So about 6 years ago, I was in grad school, and my friend introduced me to this phenomenon – no-knead bread. No-knead? How was this possible? At the time, I lived in a small apartment with a tiny kitchenette, so I was all down for shortcuts and things that don’t require a ton of counter space.
My friend got the recipe from the famous New York Times recipe. It really is super easy, mix together ingredients, set it and forget it.
While the basic no-knead bread is a classic and one that I make quite often, I have been experimenting with different flavors and my new favorite is the rosemary and garlic no-knead bread. It’s packed full of flavor and goes great dipped in olive oil & balsamic vinegar.
No-Knead Rosemary & Garlic Bread
- 3 cups all-purpose flour
- 1/2 tsp salt
- 1 tsp active dry yeast
- 1 Tb dried rosemary
- 3 large cloves garlic, chopped
- 1 2/3 cup water
- In a large bowl, mix together flour, salt, yeast, rosemary, and garlic. Add in water and stir together until it forms a wet dough. Cover and let it sit for 18-24 hours.

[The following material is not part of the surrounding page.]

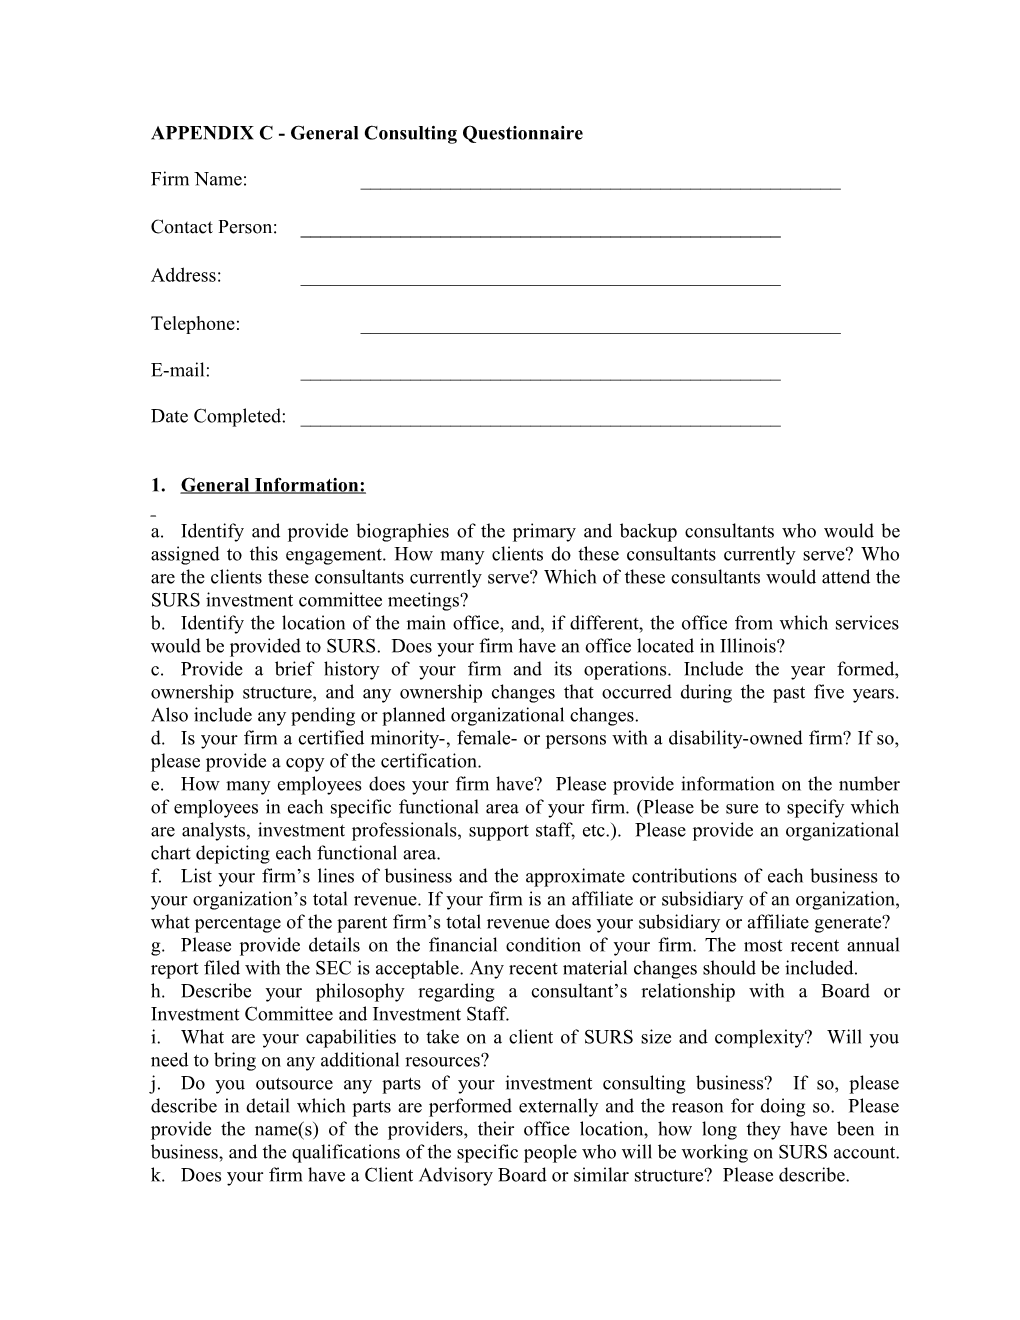 APPENDIX C - General Consulting Questionnaire

- Place a dutch oven with the lid on in the oven. Preheat oven to 450°F. Flour your hands and gently scoop the dough out of the bowl and form a round shape. Once the oven is preheated, place dough in the dutch oven. Bake for 35 minutes. Remove the lid and bake for an additional 15-20 minutes, or until the top is golden brown.
- You do not need to oil the dutch oven. The bread will absolutely not stick. You can use parchment paper on the bottom of the dutch oven as a sling so it is easier to take out the bread when finished.